Почему-то она вспомнила, как после пансиона поехала к отцу в Воткинский завод и нашла отца в только что снятой квартире, которая была чем-то похожа на квартиру Карновских. Он был один, мачеха еще не приехала, и Лиза принялась за устройство квартиры. Как отец был благодарен ей, как ласков, как счастлив и горд, что она кончила пансион с золотой медалью! Она с трудом отговорила его — он непременно хотел показать эту медаль и ее аттестат своим офицерам. В первый раз она тогда разглядела его — мягкого, доверчивого, заставляющего себя становиться другим, бравым, несмотря на свою мешковатость, строгим, несмотря на доброту, которая так и светилась в его розовом, немного бабьем лице. Потом приехала мачеха, чем-то похожая на Анну Игнатьевну, но не сдержанная, а крикливая, требовательная, мещански самоуверенная — и вот тогда-то он по ее настоянию сжег Костины письма. Странным образом все это связалось с обедом на Госпитальной, с чувством искусственности, насилия, несвободы. Свобода была там, в не оставлявшем ее воспоминании о щукинской галерее.

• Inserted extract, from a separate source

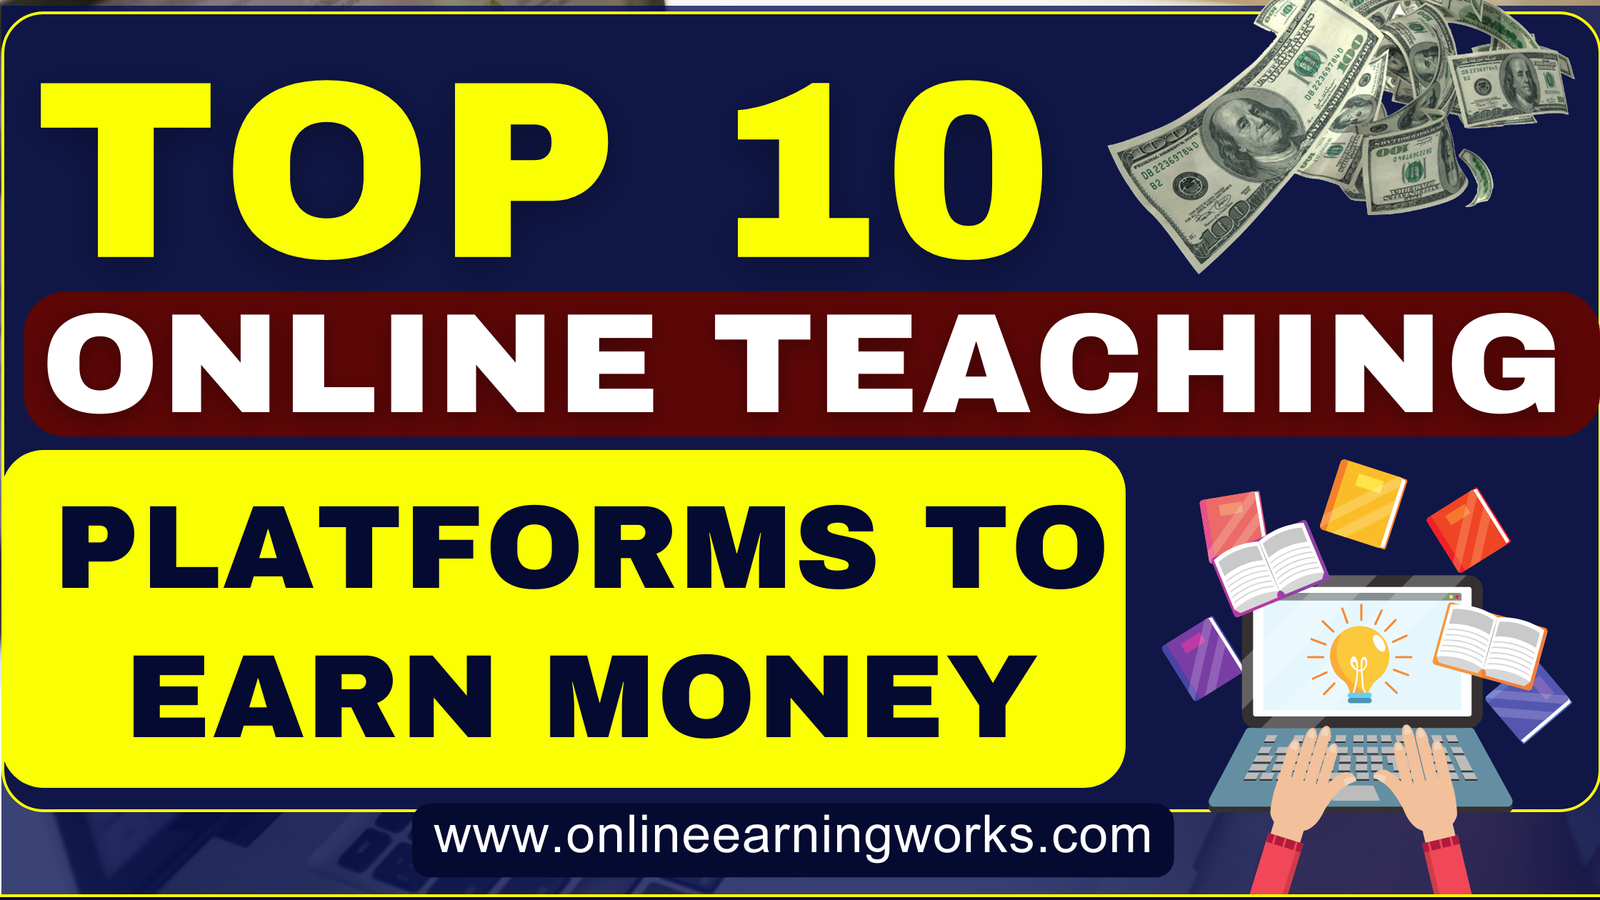 Top 10 Online Teaching Platforms to Earn Money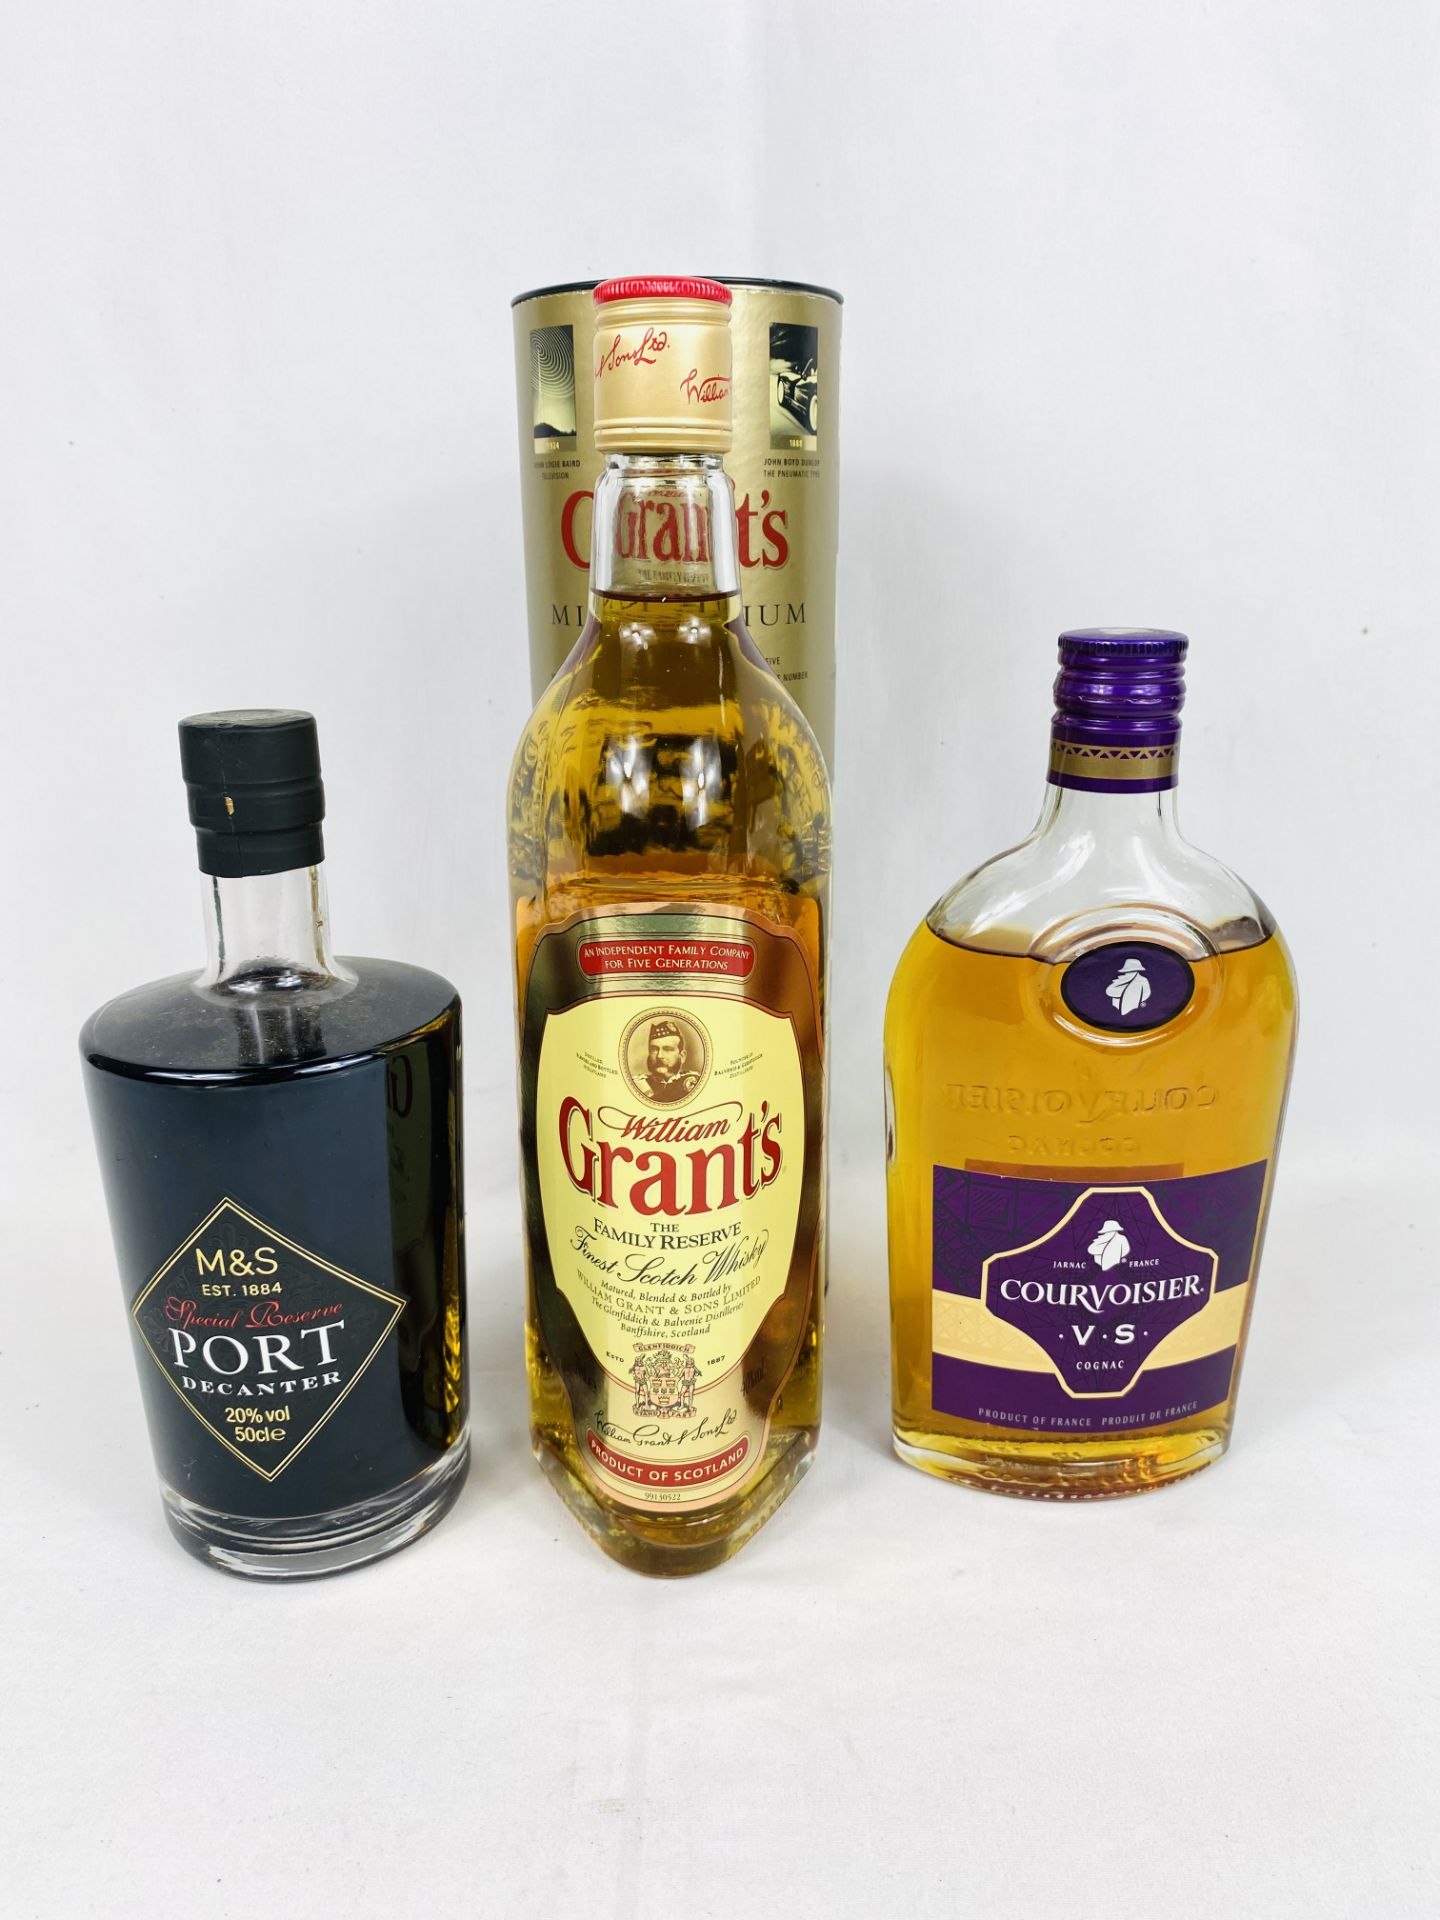 Bottle of Grant's Scotch whisky, bottle of Courvoisier brandy and a bottle of port

Она закрыла глаза, и голые танцующие фигуры — дикие, свободные, как будто, кроме них, никого нет на земле и никто им не нужен — стали кружиться перед ее глазами. Матисс! Радостно вздохнув, она вспомнила чувство ритма, объединявшего эти фигуры. Их окружала прозрачность. Казалось, что они написаны на стекле. От них невозможно было оторваться.